The patient was diagnosed with diet-controlled type 2 diabetes mellitus two years after surgery with a good glycemic control. In addition, the subclinical hypothyroidism, objectified preoperatively, had evolved into the patent form. Antithioperoxides and anti-thyroglobulin antibodies were positive at 585 and 155 IU / ml, respectively. Thus, the diagnosis of Hashimoto’s disease was established and the treatment with L-thyroxine was administered. The search for other autoimmune diseases was negative except for anti-nuclear antibodies which were positive twice: 1/640 then 1/160without any signs in favor of a systemic disease.

Discussion

Among the neuroblastic tumors, GN is the most uncommon, the one with the greatest histological differentiation, and the most benign. Only 20-30% is of adrenal origin. GNs may occur at any age, but mostly appear under 20 years of age [4].There is a female predominance with a sex ratio of 0,75 [5]. Adrenal GNs are not associated with clinical or biochemical evidence of endocrine hormonal activity [6]. Clinical symptoms of GNs are nonspecific and related to the location site. Despite their generally benign nature, GNs may come to attention by compressing neighboring structures [7]. In fact, any retroperitoneal tumors of a large size are capable of causing a variety of digestive disturbances which may include reactive ascites [8] as in our first case where the discovery of the GN came as a result of the investigation of an ascites of great abundance.

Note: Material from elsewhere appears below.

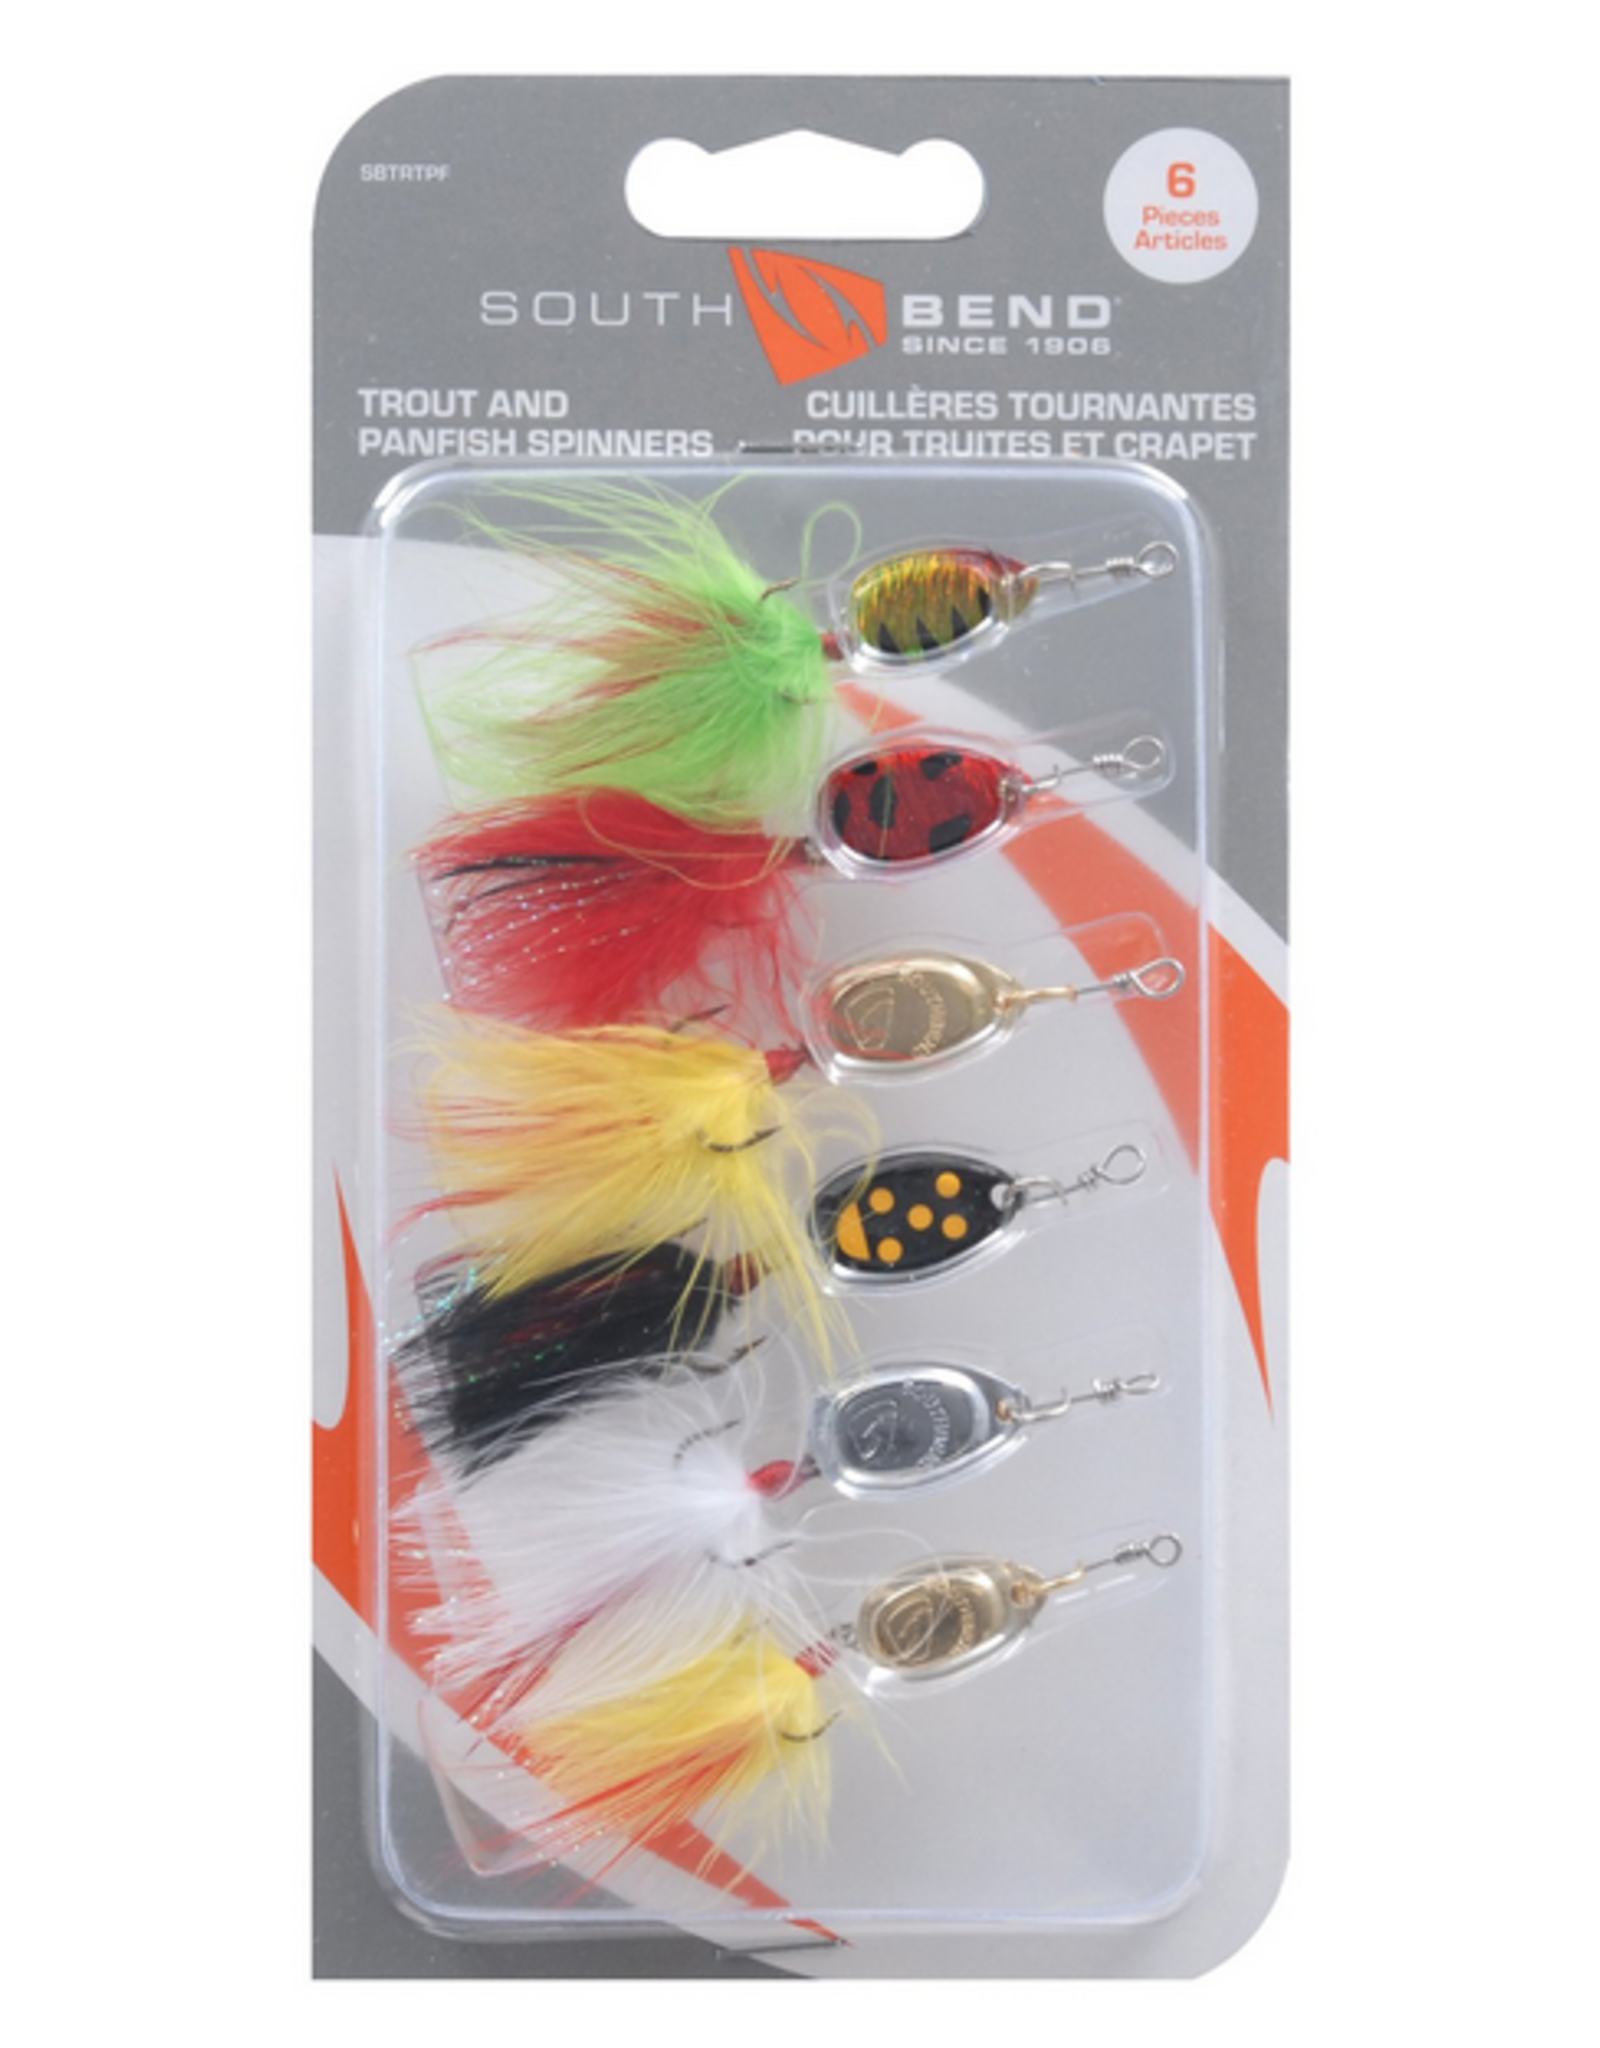 South Bend Trout and Panfish Spinner Assortment

As for the other neuroplastic tumor studied in our second case: Pheochromocytoma, its detection poses an immense clinical challenge as numerous atypical presentations have been reported in the literature such as hemoptysis [9,10]. However, it is rarely linked to a diffuse alveolar hemorrhage which is an exceptional presentation of the pheochromocytoma as demonstrated in our second case. Pathophysiological mechanisms most often involved in hemoptysis are lung metastases and coagulation disorders. When all of these have been ruled out, hemoptysis may be related to the hypertensive crisis triggered by chromaffin tumor secretion. In these cases, the paroxysmal hypertension crises will produce pulmonary vein hypertension causing capillary rupture and the passage of erythrocytes to the alveolar space, resulting in hemoptysis [11].

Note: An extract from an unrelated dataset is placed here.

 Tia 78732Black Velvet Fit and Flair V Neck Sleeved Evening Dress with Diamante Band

The association between GNs/pheochromocytoma and autoimmune endocrinopathies is quite rare and not well studied in literature. The association between pheochromocytoma and Addison’s disease or Primary Adrenal Insufficiency (PAI) which is caused by autoimmune destruction of the adrenal cortex was first described in 2008 on an atrophied adrenal gland [12]. However, the association of GN with PAI, has been reported for the first time in our first case [13]. The patient was diagnosed with Addison’s disease after presenting acute adrenal insufficiency symptoms. Prior to surgery, the 8 AM cortisol levels were 117,9ng/ml (322nmol/l): such levels may well be found in preclinical states of PAI. Moreover, the acute adrenal failure was likely precipitated by surgery, adrenalectomy and perhaps also anesthetics. The common autoimmune form of PAI is characterized by the presence of steroid 21-hydroxylase autoantibodies with high specificity (90%) and sensibility (85%) [14,15] and if the test is positive, further etiologic evaluation is not generally necessary; however, other causes should be sought if no autoantibodies are detected.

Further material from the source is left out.